O texto aprovado pelos deputados não traz a exigência de que os vacinados assinem um termo de responsabilidade. O relator chegou a cogitar incluir isso a pedido do governo, mas acabou voltando atrás.

Proposta

O projeto diz que o governo, por intermédio do Ministério da Saúde, deve comprar e distribuir as vacinas registradas pela Anvisa, com preferência para as que sejam produzidas no Brasil, por empresa brasileira sediada no estrangeiro ou por empresas que invistam em pesquisa e no desenvolvimento de tecnologia no País.

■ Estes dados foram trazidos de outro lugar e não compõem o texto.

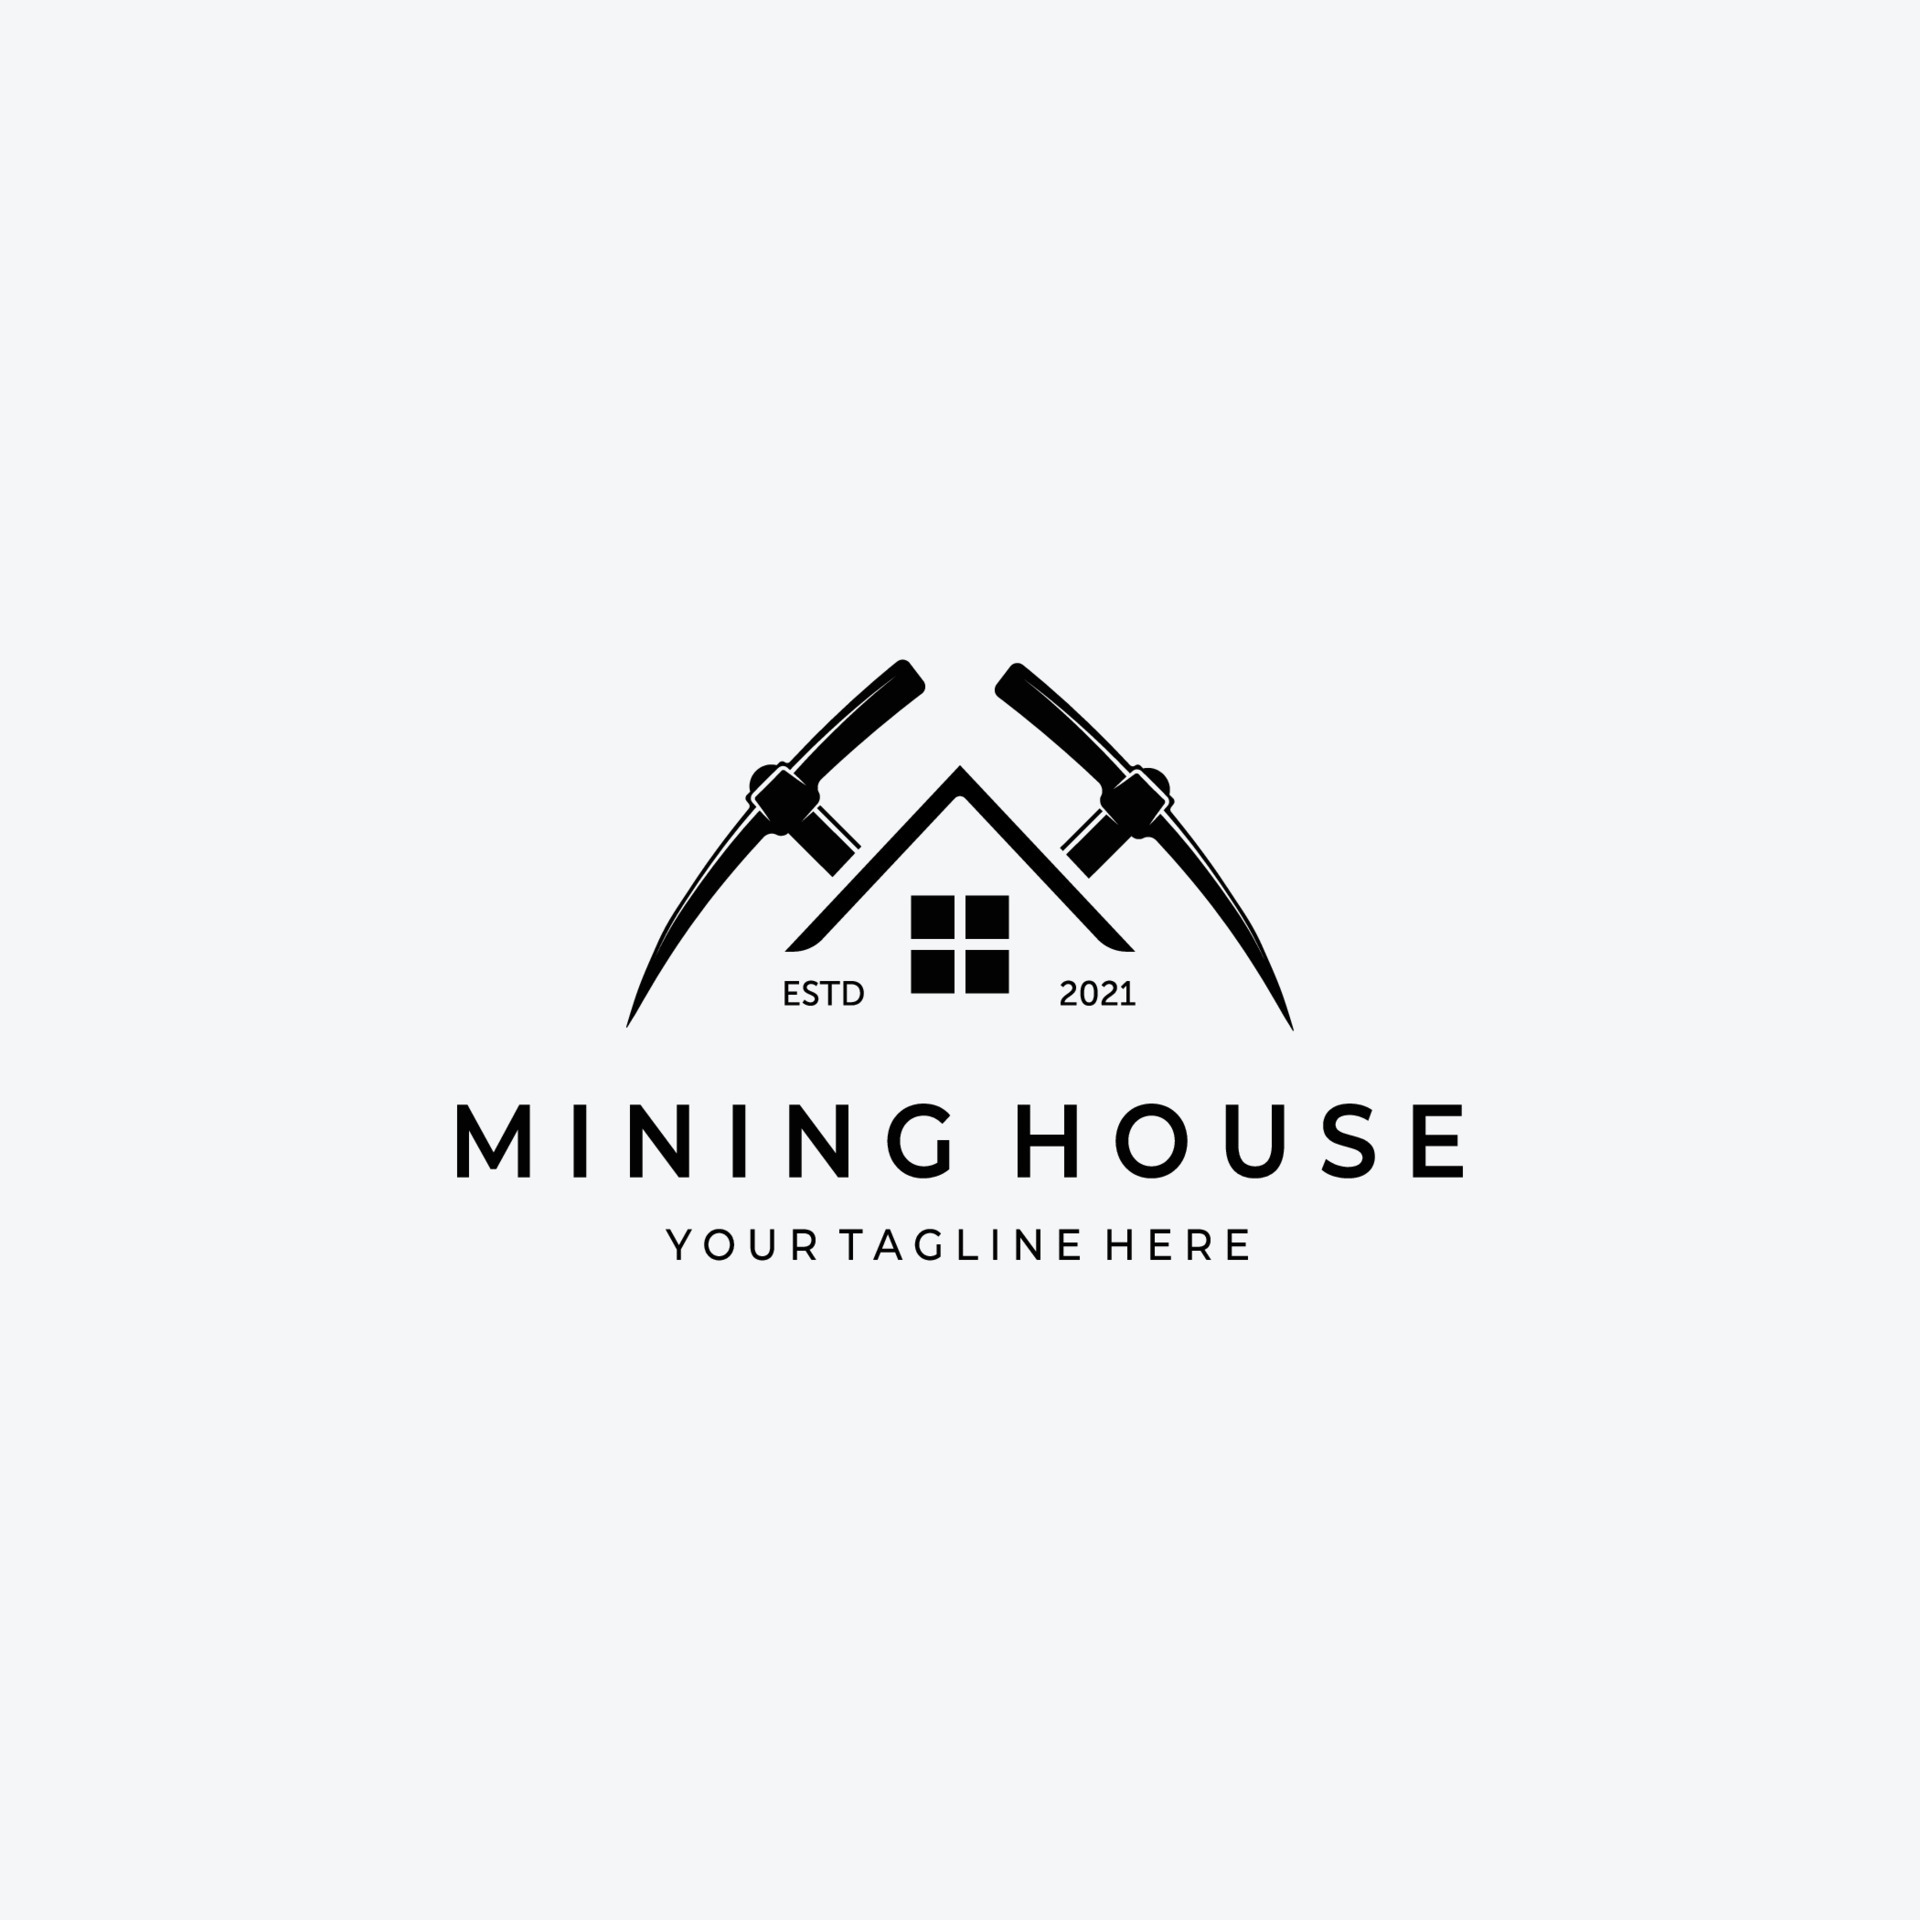 Mining house

O texto aprovado reforça que cabe ao Ministério da Saúde coordenar o programa de imunização e, caso haja omissão ou irregularidades nesse processo, os estados ficam autorizados a adotarem medidas necessárias para imunizar suas respectivas populações, “cabendo à União a responsabilidade por todas as despesas incorridas para essa finalidade”.

A MP também permite que o governo celebre contratos para comprar insumos e vacinas, antes mesmo do registro sanitário ou da autorização temporária para uso emergencial dos produtos.

Além destas, a compra de bens e serviços de logística, tecnologia da informação, comunicação e treinamentos destinados à vacinação também não precisarão seguir as normas impostas a licitações e contratos da administração pública.

Uso emergencial

A MP estabelece prazo de cinco dias para que a Anvisa conceda autorização temporária de uso emergencial para importação, distribuição e uso de qualquer vacina contra o coronavírus, contados a partir da formalização do pedido.

A autorização temporária, no entanto, só poderá ser feita com relação a vacinas já aprovadas por pelo menos uma das seguintes autoridades sanitárias:

Food and Drug Administration (FDA), dos Estados Unidos;

European Medicines Agency (EMA), da União Europeia;

Pharmaceuticals and Medical Devices Agency (PMDA), do Japão;

National Medical Products Administration (NMPA), da China;

Health Canada (HC), do Canadá;

The Medicines and Healthcare Products Regulatory Agency (MHRA), do Reino Unido;

Korea Disease Control And Prevention Agency (KDCA), da Coreia do Sul.

Ministério da Saúde, da Rússia.

Uma lei aprovada em maio pelo Congresso– já estabelece um prazo de 72 horas para que agência brasileira autorize, de forma excepcional e temporária, a importação e a distribuição de medicamentos e insumos para o combate à Covid-19 registrados na autoridade de um desses países – Estados Unidos, Japão, China ou na agência da União Europeia.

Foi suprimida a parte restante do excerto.